3.2 State the significance level

\[\alpha = 0.02\] The \(\alpha = 0.02\) is what gives meaning to the term significantly different. It is the probability of making a type II error, that is, rejecting the null hypothesis when it should not be rejected. The lower the \(\alpha\), the greater the difference between the means must be for it to be considered significant.

3.3 Calculate the test statistic

\[z = \frac{\bar{x} - \mu_0}{\frac{\sigma}{\sqrt{n}}}\] Note that: \[\lim_{n \to \infty}z(n) = \infty\] We can reject the null hypothesis if the critical \(z\) is greater than the tabulated \(z\). As \(n\) increases, eventually the difference will be significant, demonstrating mathematically what we verified intuitively.

3.4 Calculate the critical value

\[z = \frac{0.3125 - 0.25}{\frac{0.464}{\sqrt{400}}} = 2.693\]

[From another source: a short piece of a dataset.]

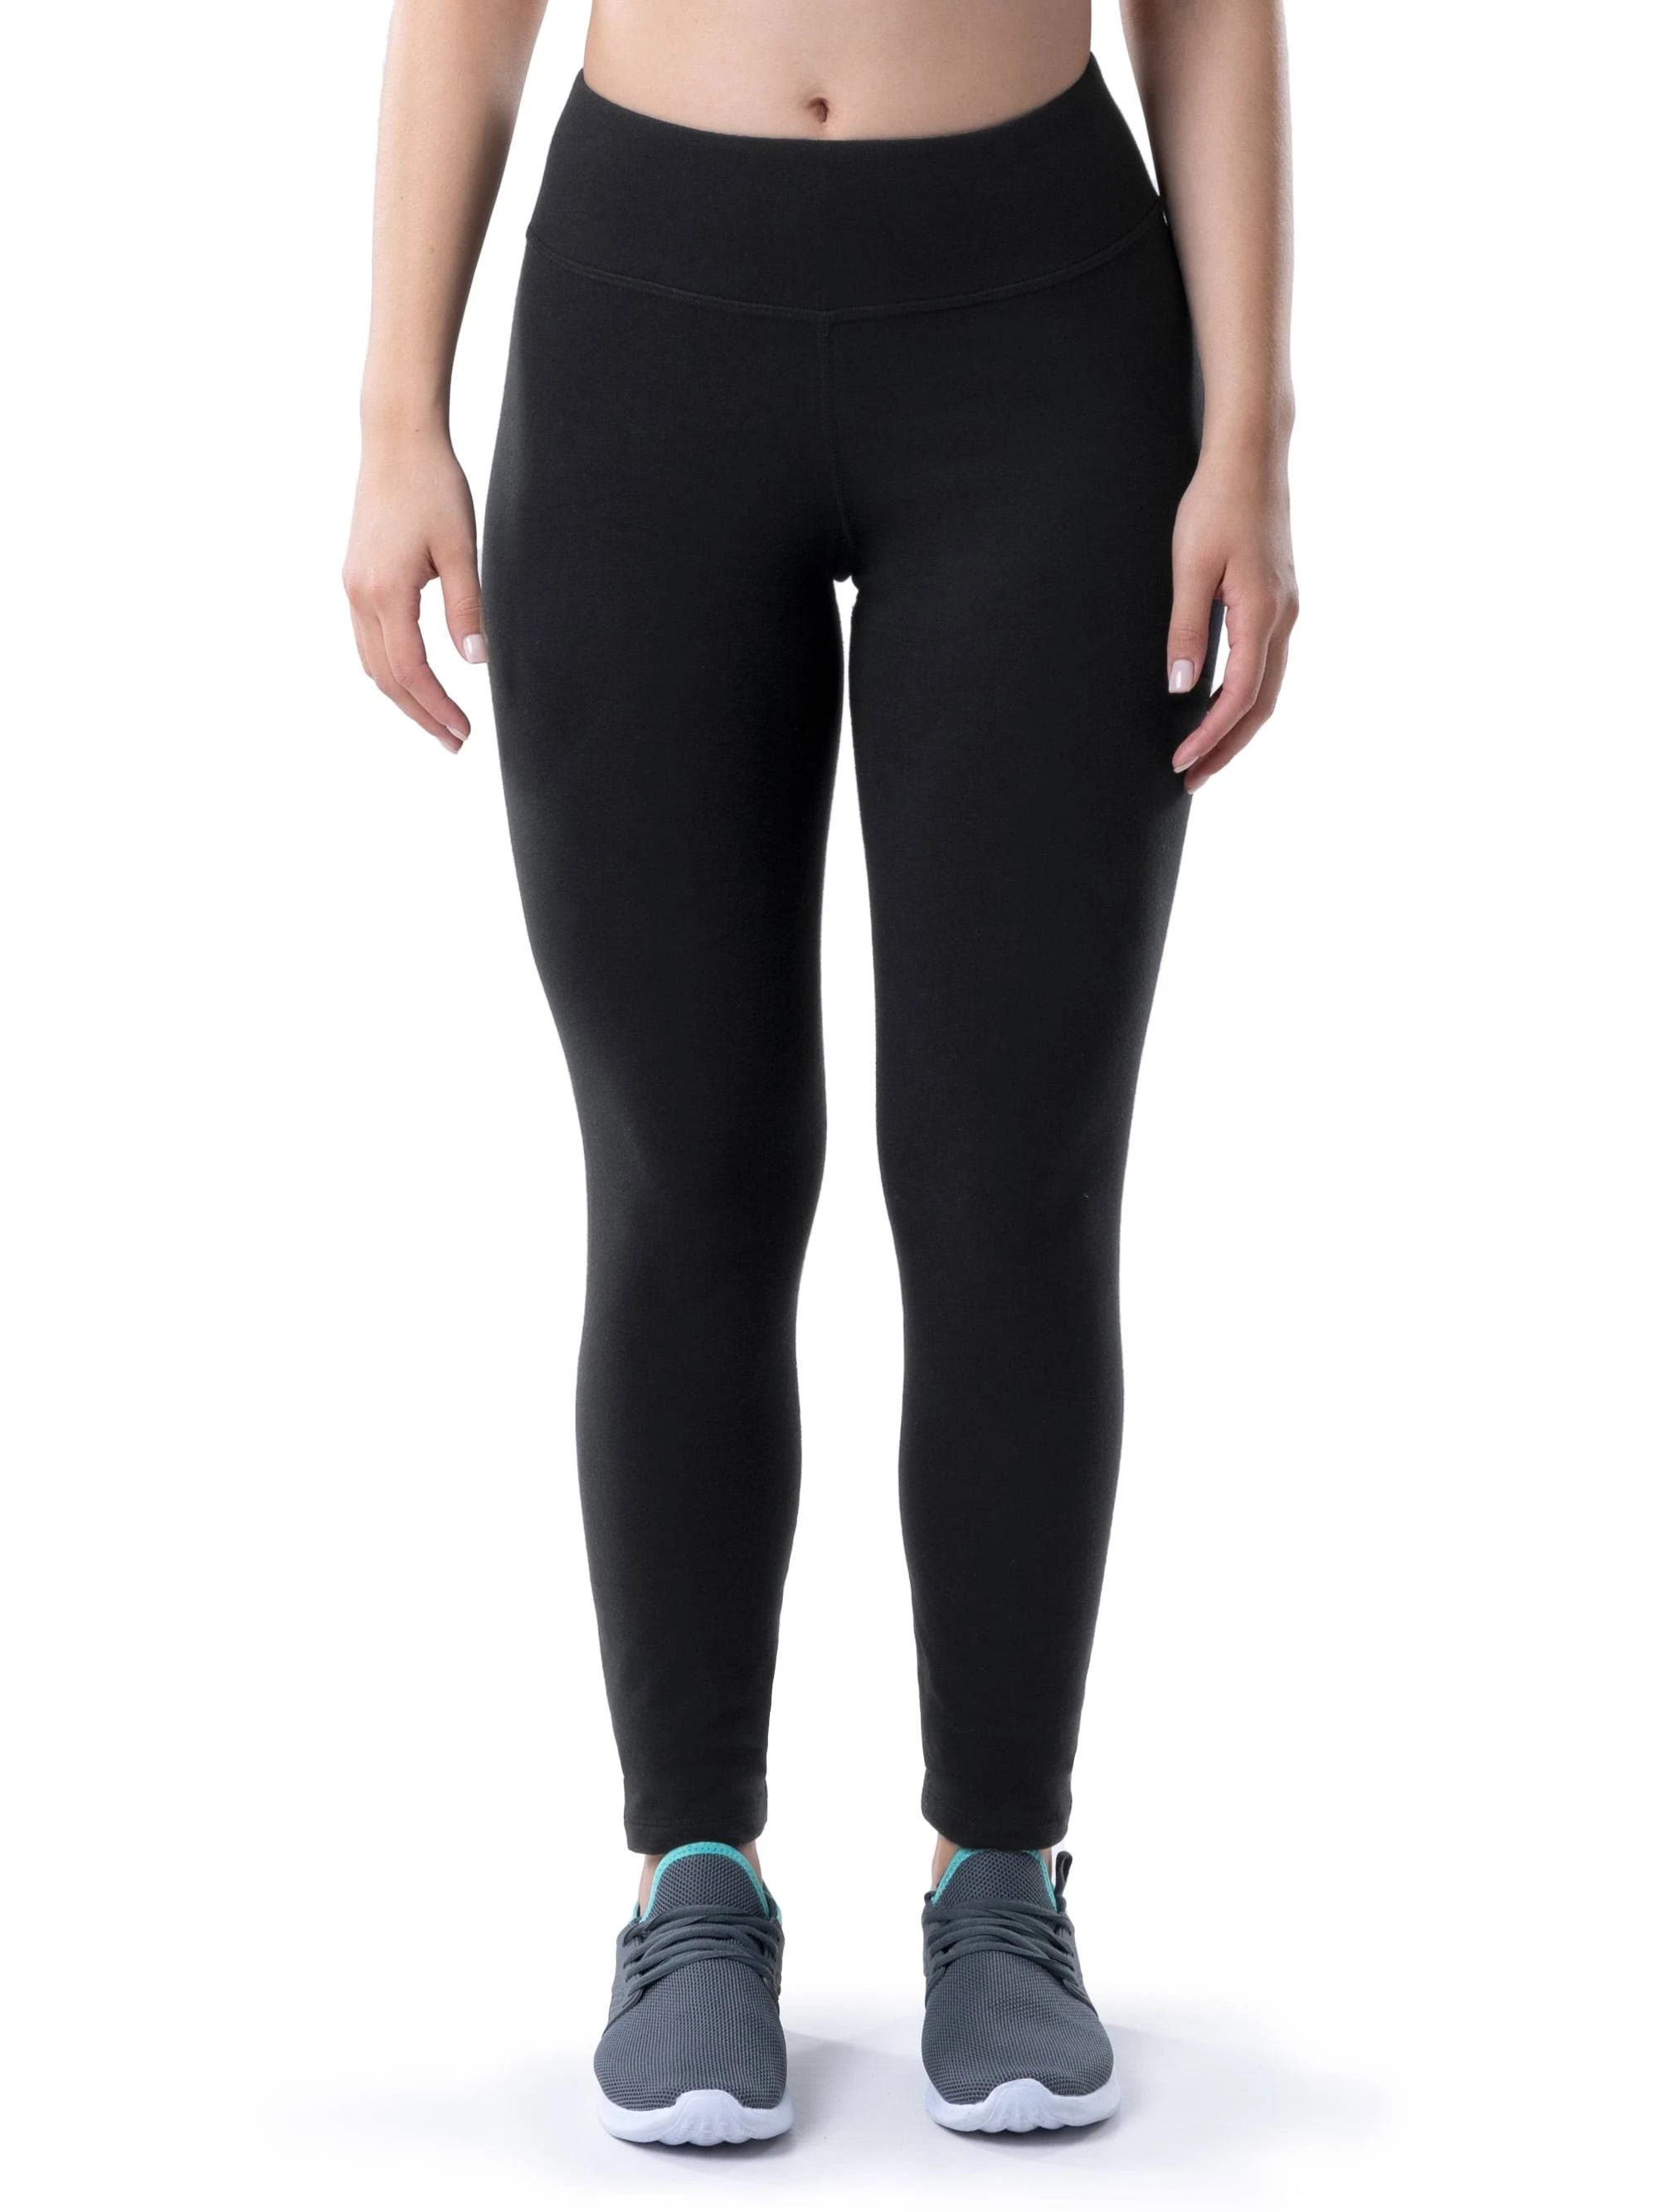 Women's Dri-Works Active Leggings for Ultimate Comfort and Movement | Image

3.5 Decide whether to reject the null hypothesis

Since the value 2.693 exceeds the \(z\) value at 98% significance (2.33), we can reject the null hypothesis. The difference is significant and cannot be attributed to sampling chance.

3.6 Ok, but what about in R?

In R, the test couldn’t be simpler:

t.test(data, mu = 0.25, conf.level = 0.98)

    One Sample t-test

data:  data
t = 2.6934, df = 399, p-value = 0.00737
alternative hypothesis: true mean is not equal to 0.25
98 percent confidence interval:
 0.2583002 0.3666998
sample estimates:
mean of x 
   0.3125 

Note that 0.25 is not in the confidence interval, so we can reject \(H_0\). As an illustration, so that we could not reject the null hypothesis, we would have to increase the significance level to 1 - p-value, that is, to 99.263%:

t.test(data, mu = 0.25, conf.level = 0.99263)

    One Sample t-test

data:  data
t = 2.6934, df = 399, p-value = 0.00737
alternative hypothesis: true mean is not equal to 0.25
99.263 percent confidence interval:
 0.2499995 0.3750005
sample estimates:
mean of x 
   0.3125 

Or increase the mean to 25.83%:

t.test(data, mu = 0.2583, conf.level = 0.98)

    One Sample t-test

data:  data
t = 2.3357, df = 399, p-value = 0.02
alternative hypothesis: true mean is not equal to 0.2583
98 percent confidence interval:
 0.2583002 0.3666998
sample estimates:
mean of x 
   0.3125 

Much easier than doing it by hand, right?

4 CONCLUSION

Now that we have all the tools, we can answer the student’s question from the forum. The teacher, yes, can be proud, because we can reject the hypothesis that the students’ mean correct answer rate was just luck. Congratulations to the class! :p

Footnotes

1. Or a thousand, 10 thousand, 100 thousand… The larger \(n\) is, the harder it is to cause changes in the standard deviation, so the uncertainty is increasingly smaller.